Europe and the Americas

Read, Dwight ANTHRO (Read@ANTHRO.SSCNET.UCLA.EDU)
Tue, 20 Feb 1996 13:25:00 PST

Kavanagh writes:

"This is not to argue the basic point, which is not that "the" Americas
were 'ahead' of "the" Old World (too much lumping there), but that at, say
ca. 1000 AD *most* of Europe and *most* of the Americas were on the same
basic cultural level--minus a few technological materials (wheels, iron,
etc.)--local level political organization with some chiefdoms, local level
production and some long distance trade in prestige goods."

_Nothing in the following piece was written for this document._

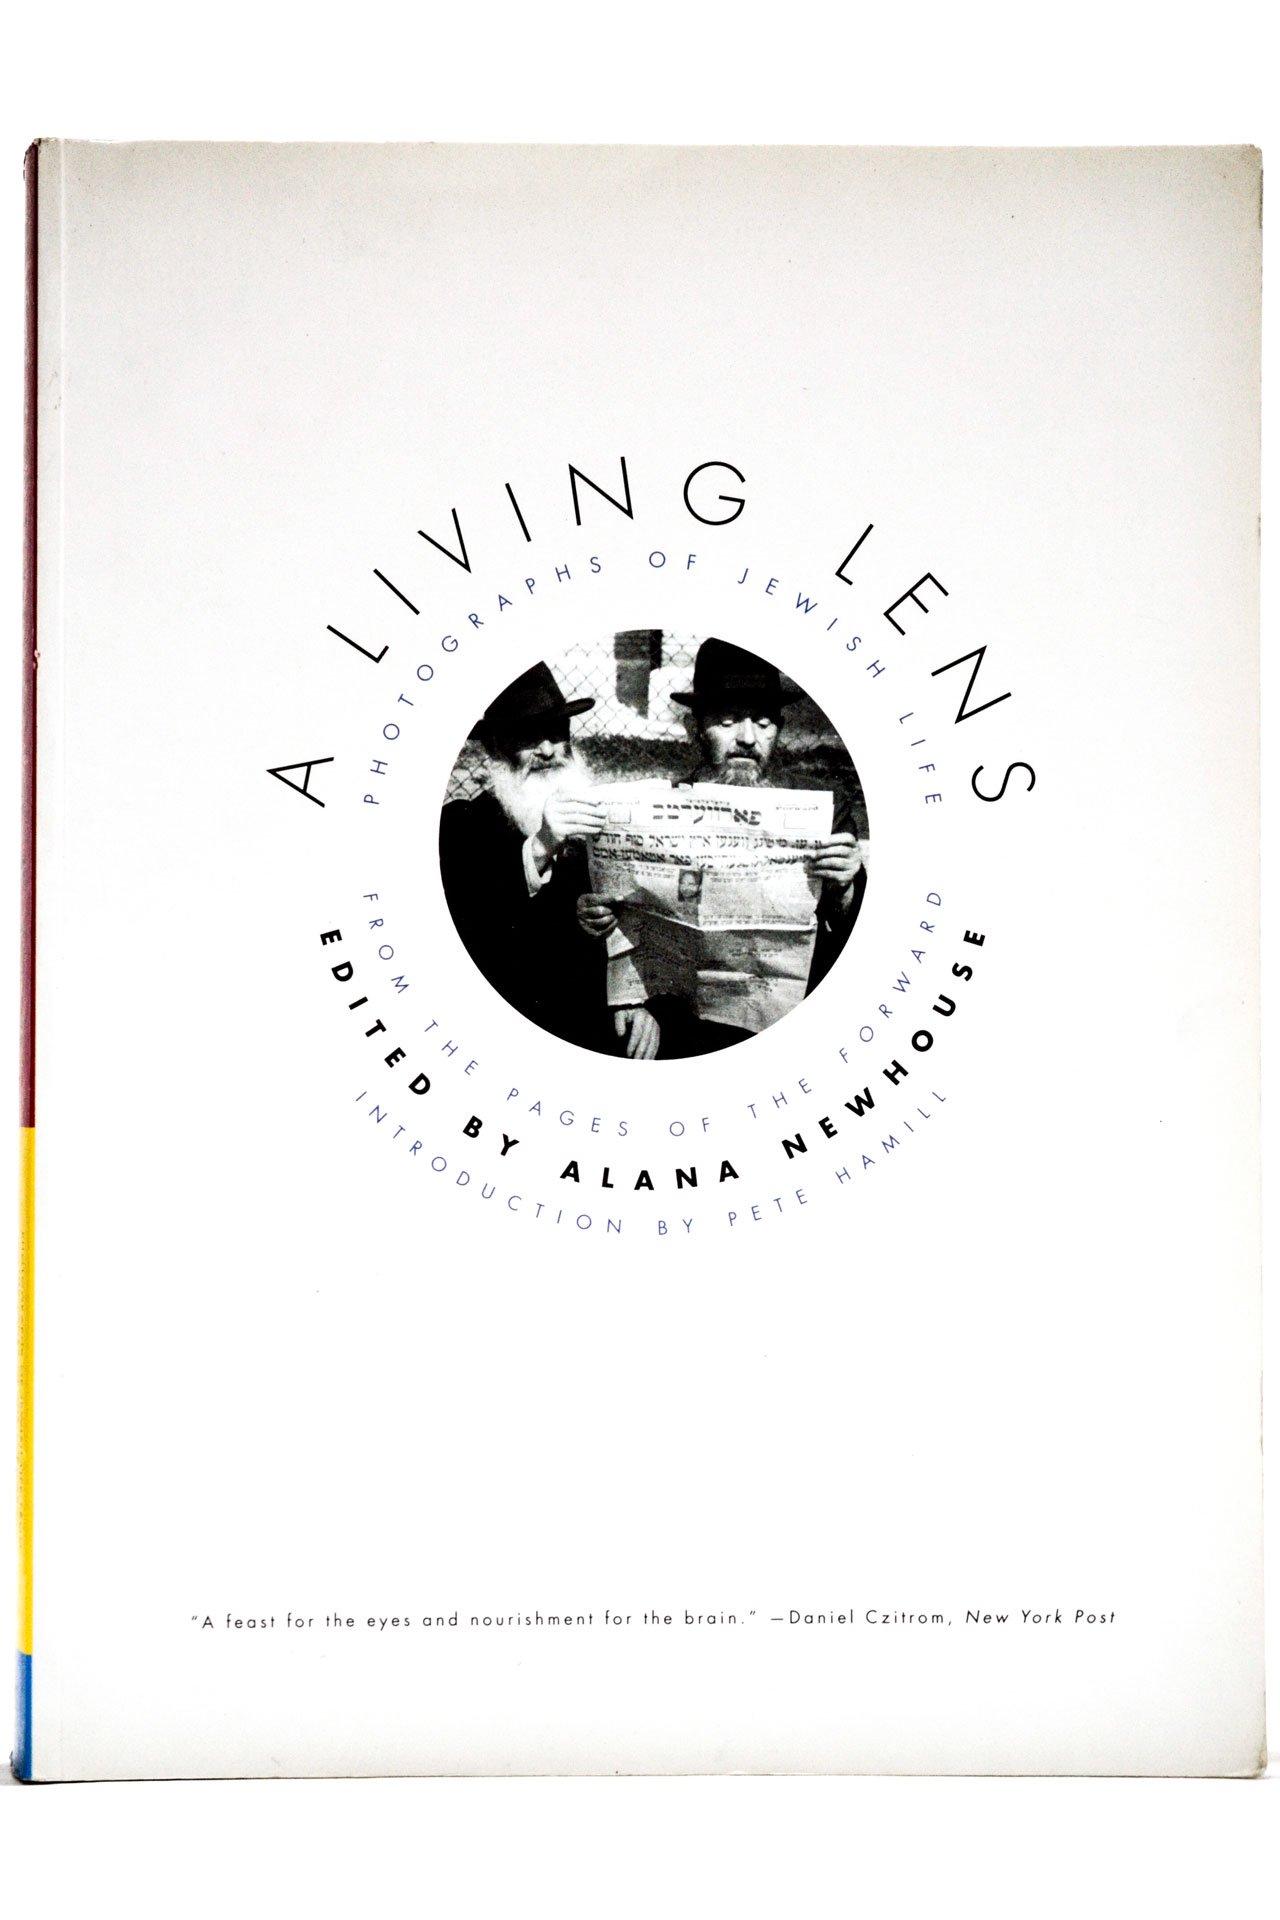 Decorative Book - A Living Lens

His comment is similar to others responding to the quotation from the Ayn
Rand webpage (I hope I have said that correctly!) and all of these comments
make, I believe, the same problematical assumption. By arguing that "new
world cultures" were at the same level as, or more advanced than, "old world
cultures" of the same time period, the assumption is being made that there IS
a scale of "advancement" along which cultures can be measured or ranked.
What constitutes this scale?

Further, suppose that it were the case that from time of entry into the
americas until 1492, all indigenous peoples were living a lifeway basically
unchanged with respect to say, resource base and general form of social
organization (e.g., all folks continued to be, say, small scale
hunting/gathering societies). Would this in any way justify the assertions
made in the quoted text from the web page? I think not, and if so the issue
is not the relative status of "new world" versus "old world" peoples, but
that a comparison is used which is fallacious in its framing--not in the
misuse, wrong use, false use, and incorrect use of factual information.